DIRECTIONS FOR THIS TASK =
Once the line holding "BREAKING NEWS! Anunț" is found in the entries below, transcribe exactly every line up to and including the one holding "une personne tenant", but leave out the pictures.

(INFORMATION PROVIDED)

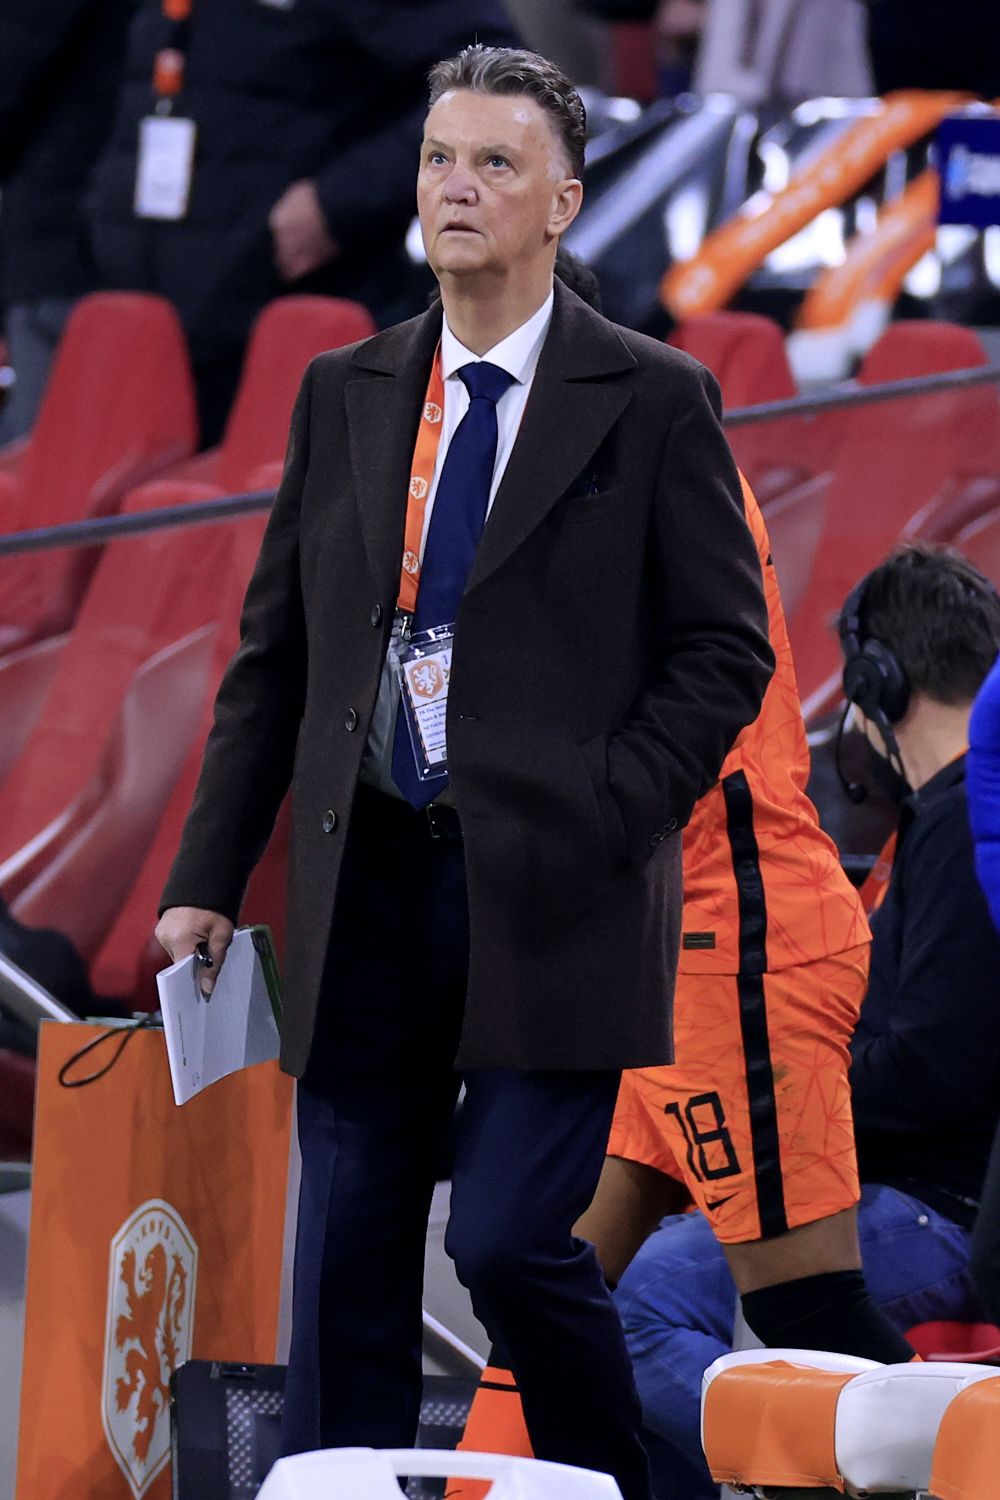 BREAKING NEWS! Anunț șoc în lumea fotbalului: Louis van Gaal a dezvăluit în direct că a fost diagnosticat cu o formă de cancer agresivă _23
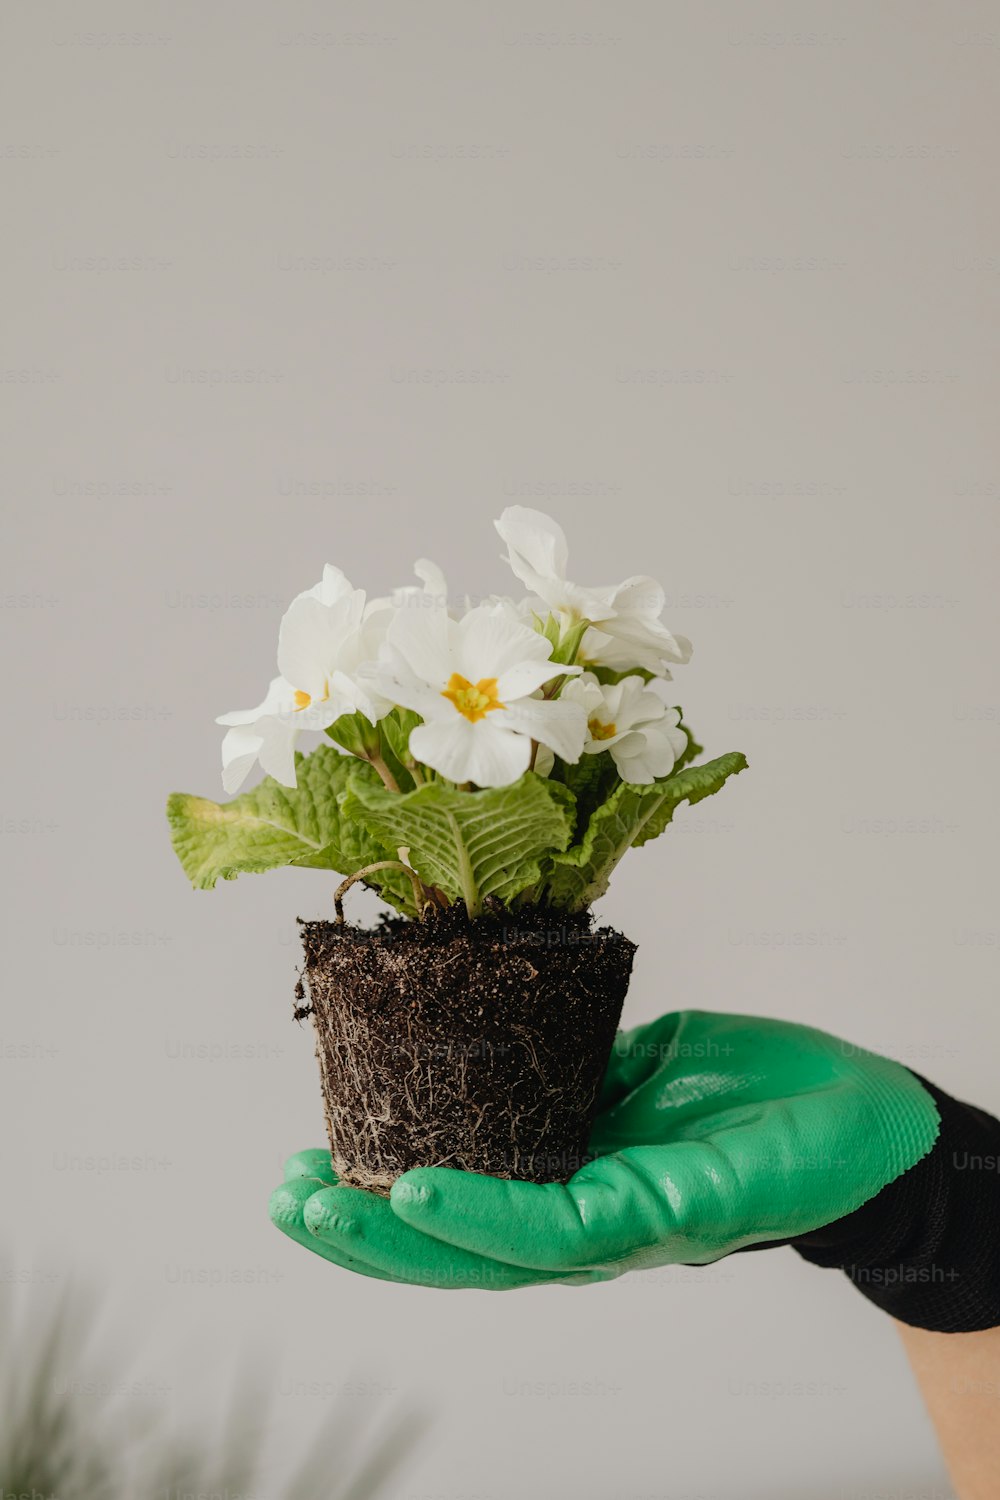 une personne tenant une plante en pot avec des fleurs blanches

(End INFORMATION PROVIDED)
(INFORMATION PROVIDED)

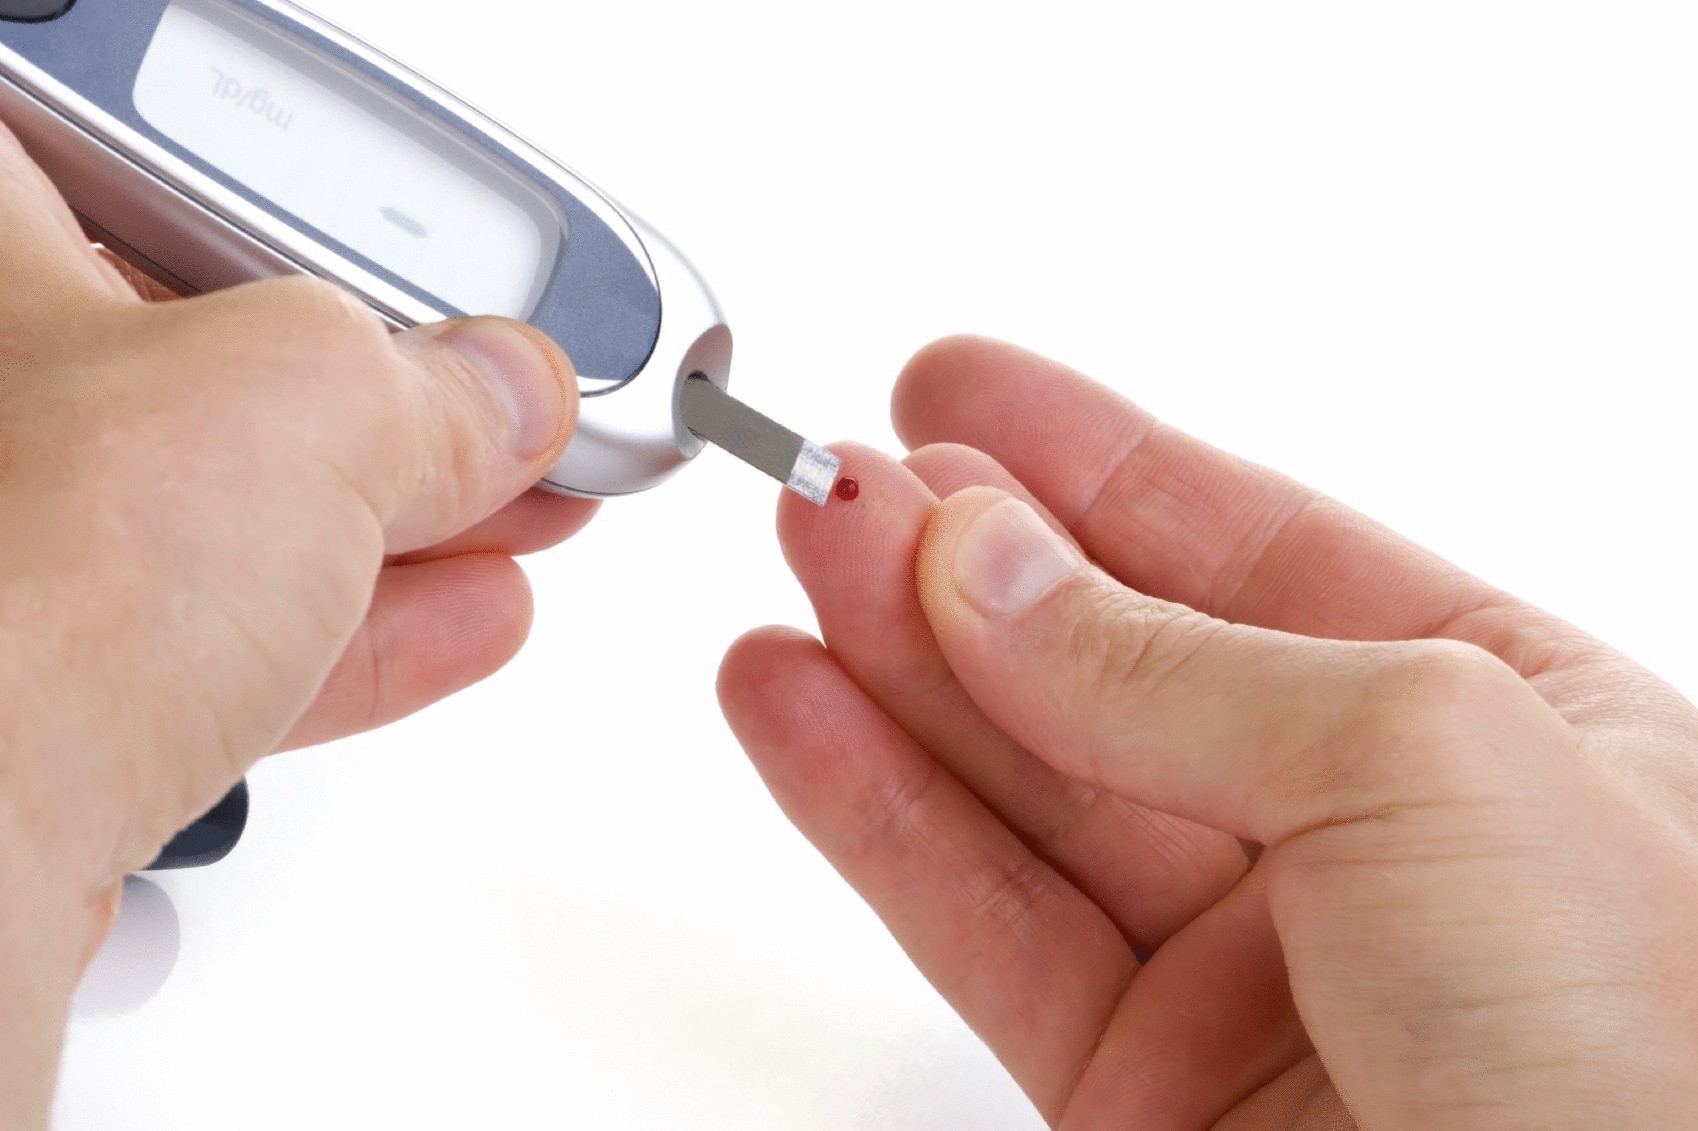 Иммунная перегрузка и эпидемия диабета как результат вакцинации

(End INFORMATION PROVIDED)

RESULT OF THE EXERCISE =
 BREAKING NEWS! Anunț șoc în lumea fotbalului: Louis van Gaal a dezvăluit în direct că a fost diagnosticat cu o formă de cancer agresivă _23
 une personne tenant une plante en pot avec des fleurs blanches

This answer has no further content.